▼

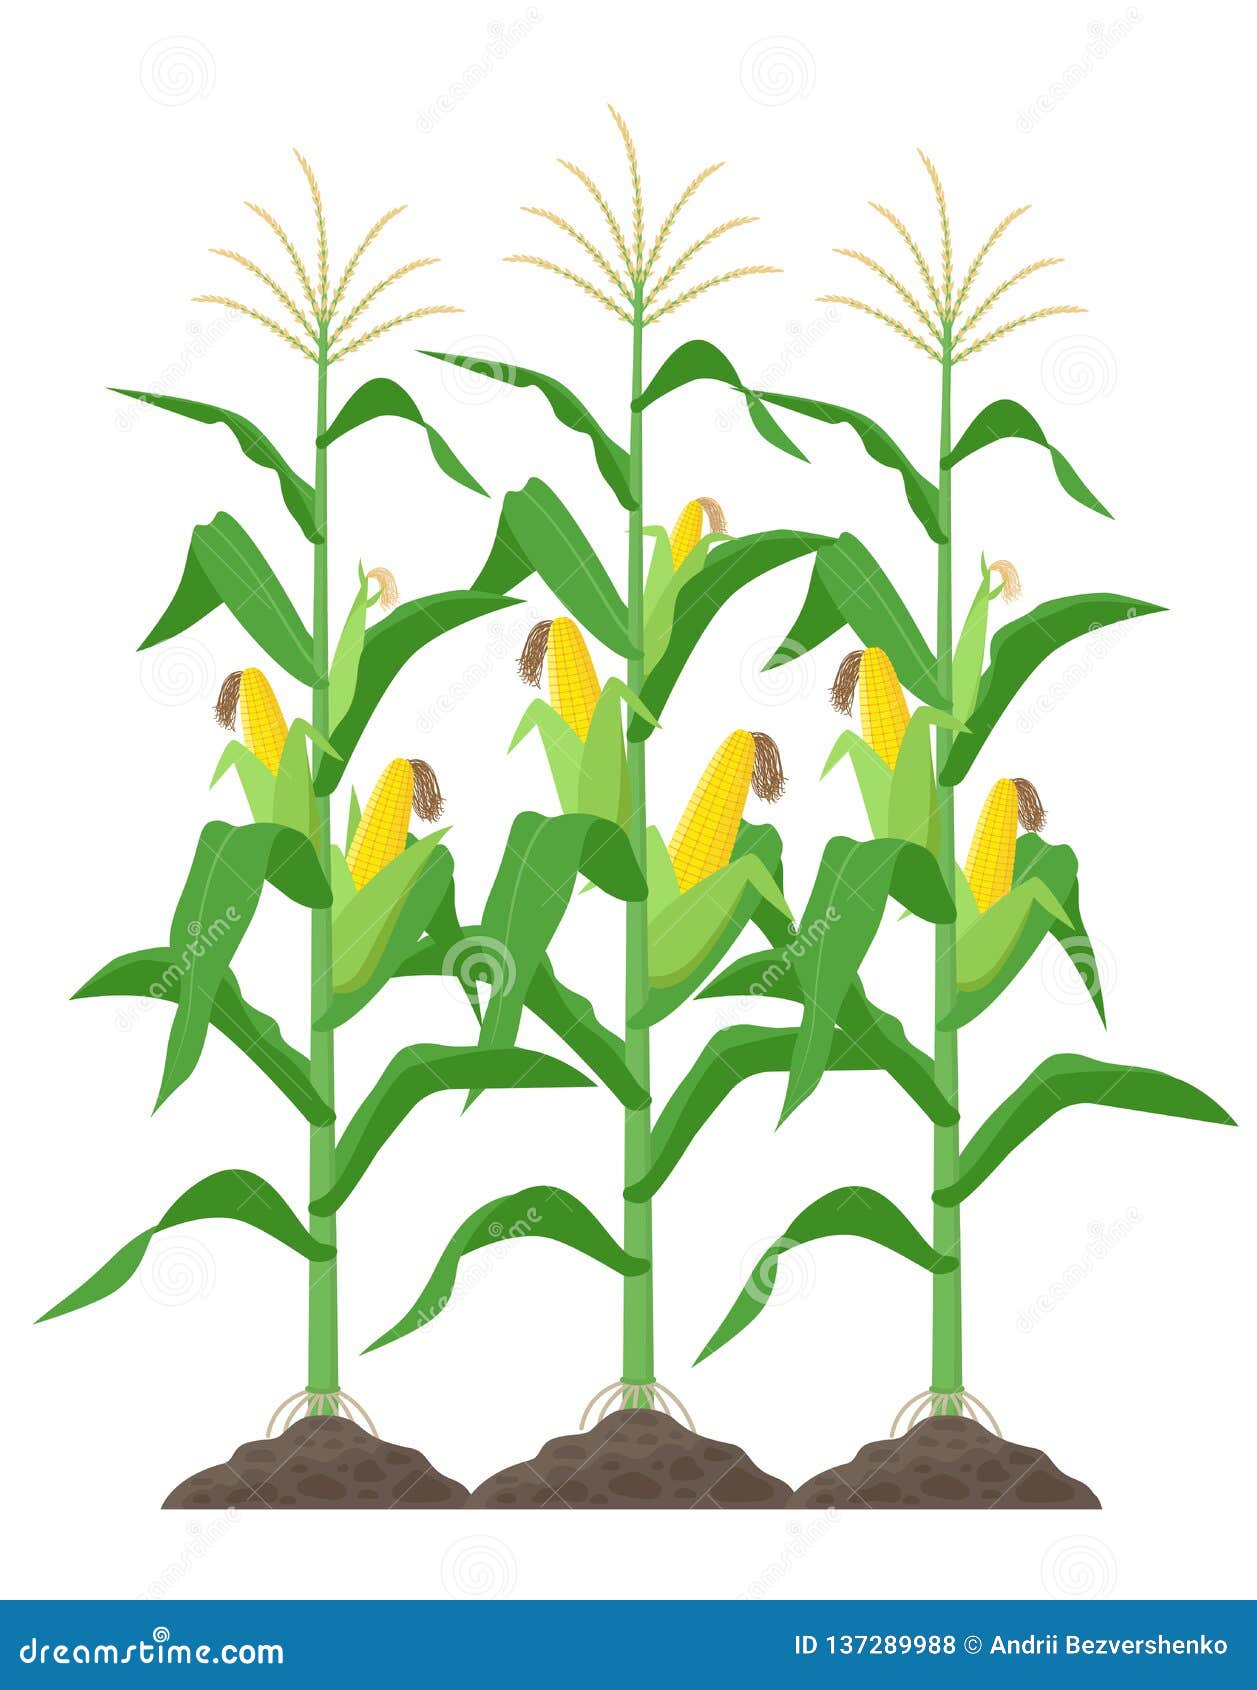 corn stalks  on white background. green corn plants on the field   in flat .
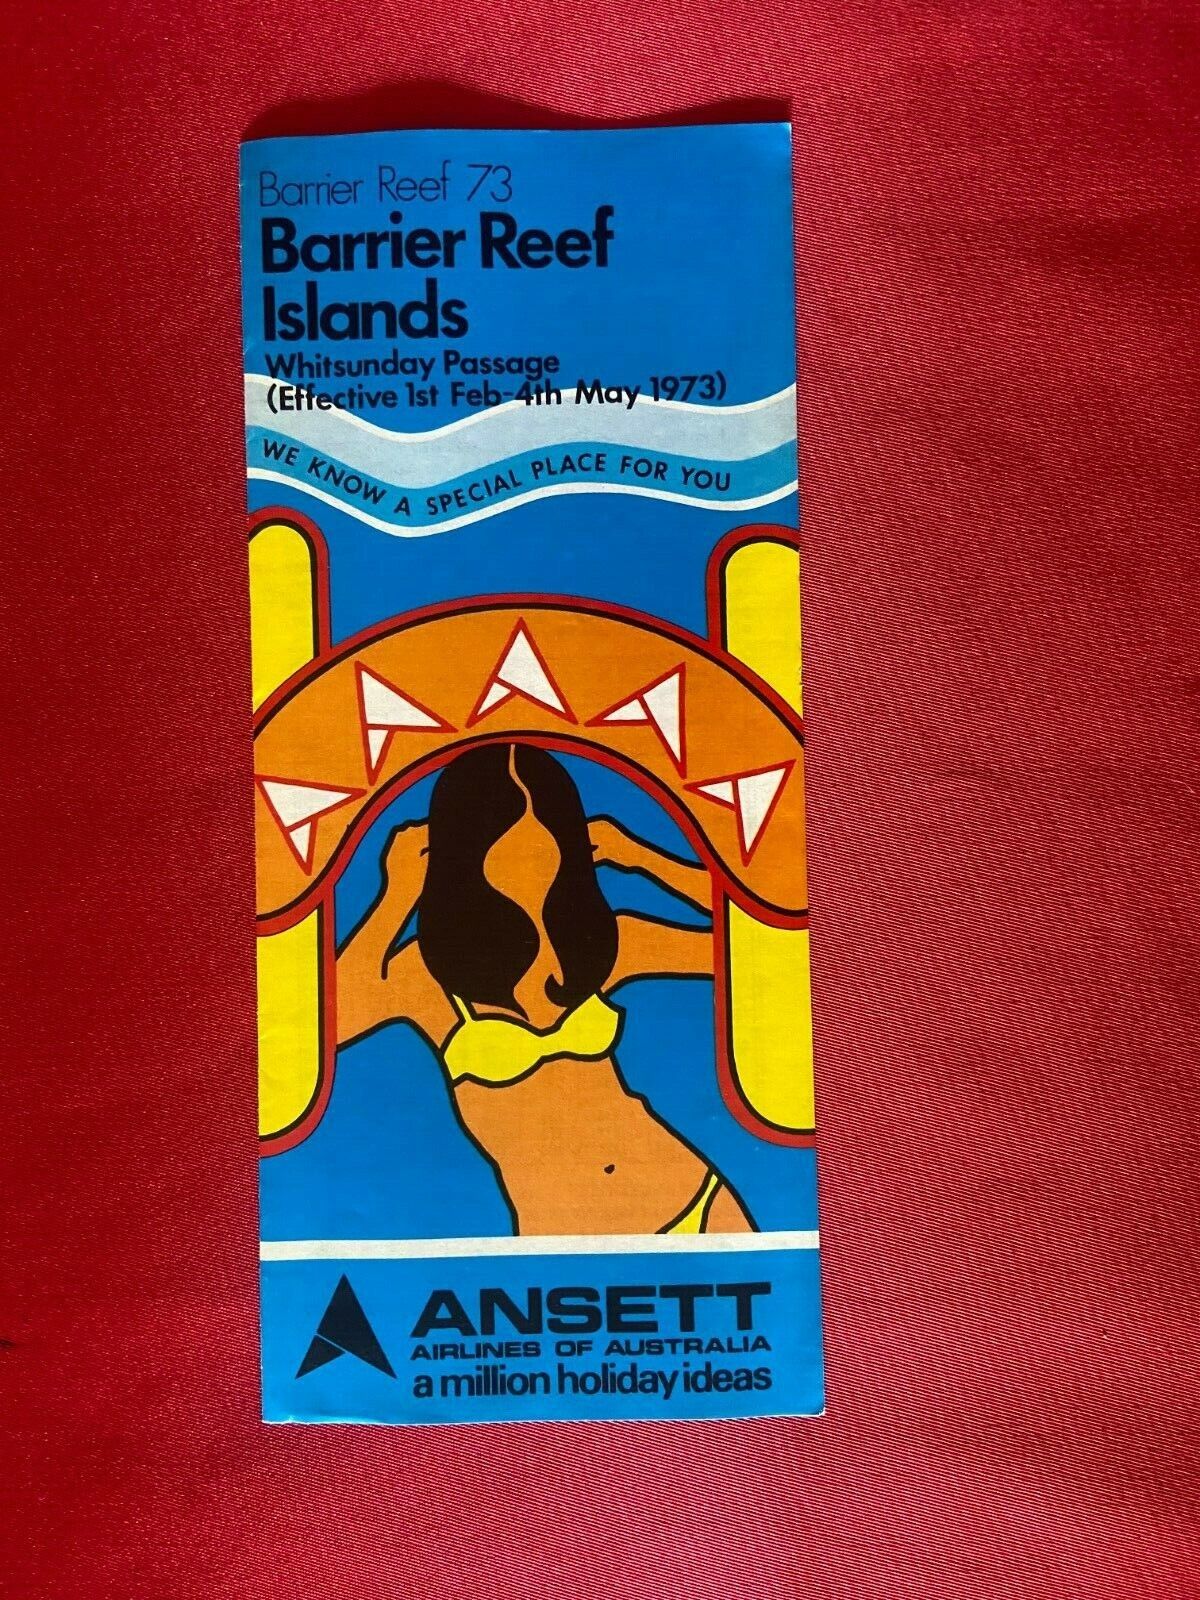 Ansett Airlines of Australia Barrier Reef Islands 1973 Brochure
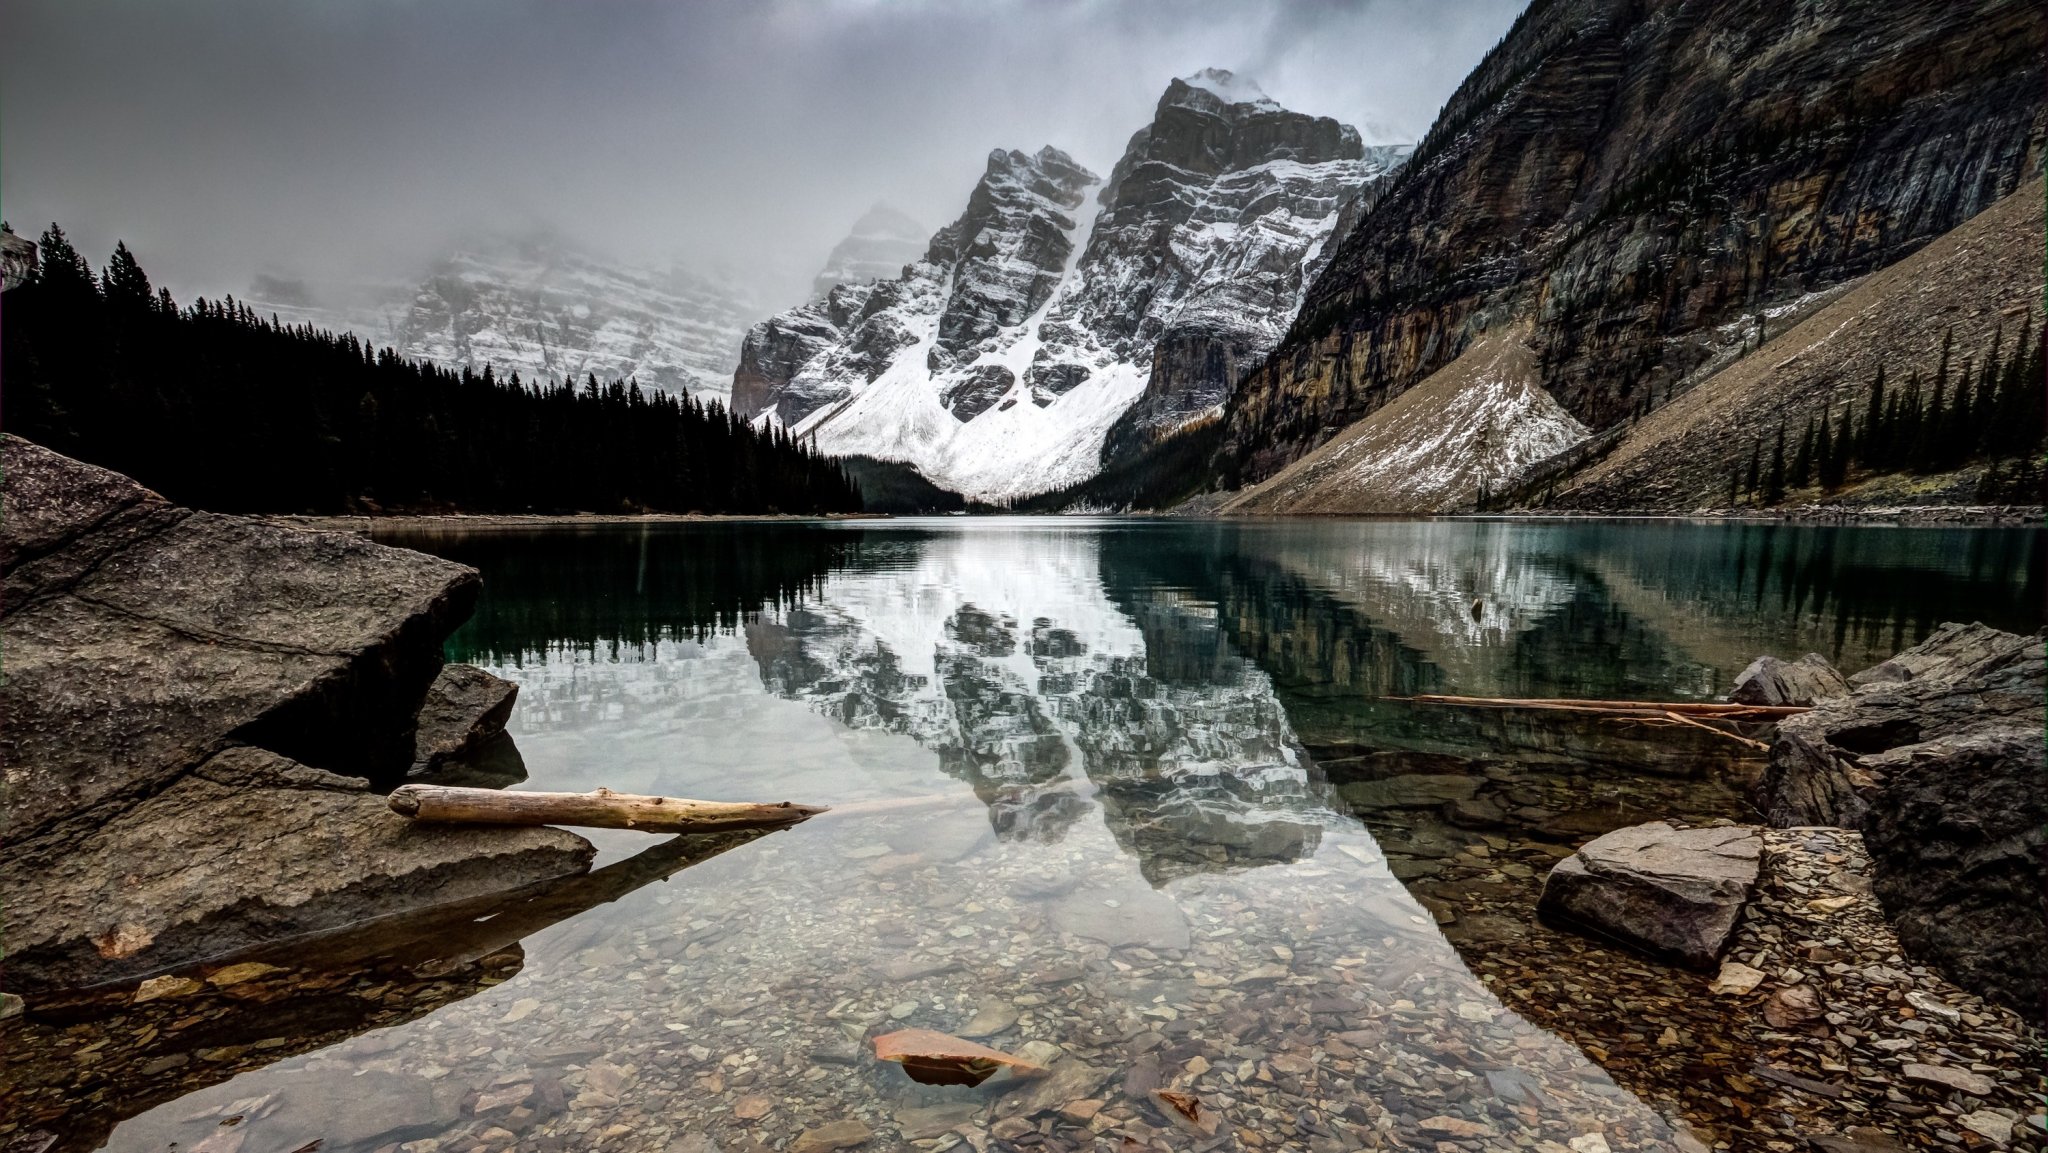 290916-Canada-morraine_lake-mountain-landscape.jpeg
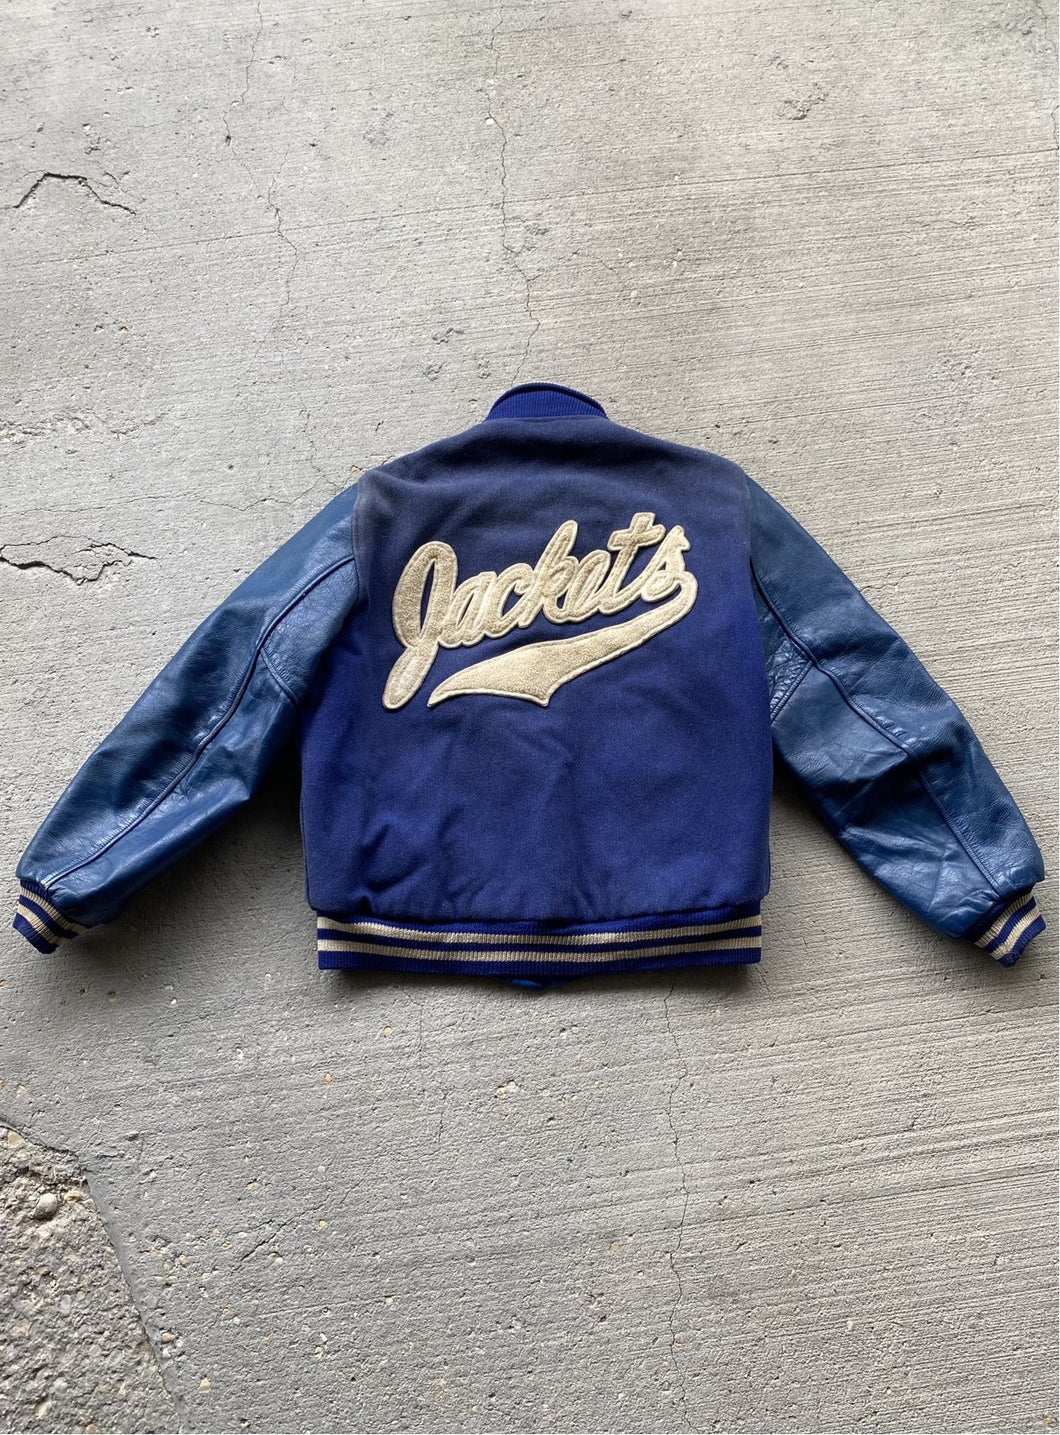 Blue “jackets” varsity jacket

▲

-- What to do --
Please transcribe the listing above verbatim and exclude every picture.

-- Task response --
 corn stalks  on white background. green corn plants on the field   in flat .
 Ansett Airlines of Australia Barrier Reef Islands 1973 Brochure
 290916-Canada-morraine_lake-mountain-landscape.jpeg
 Blue “jackets” varsity jacket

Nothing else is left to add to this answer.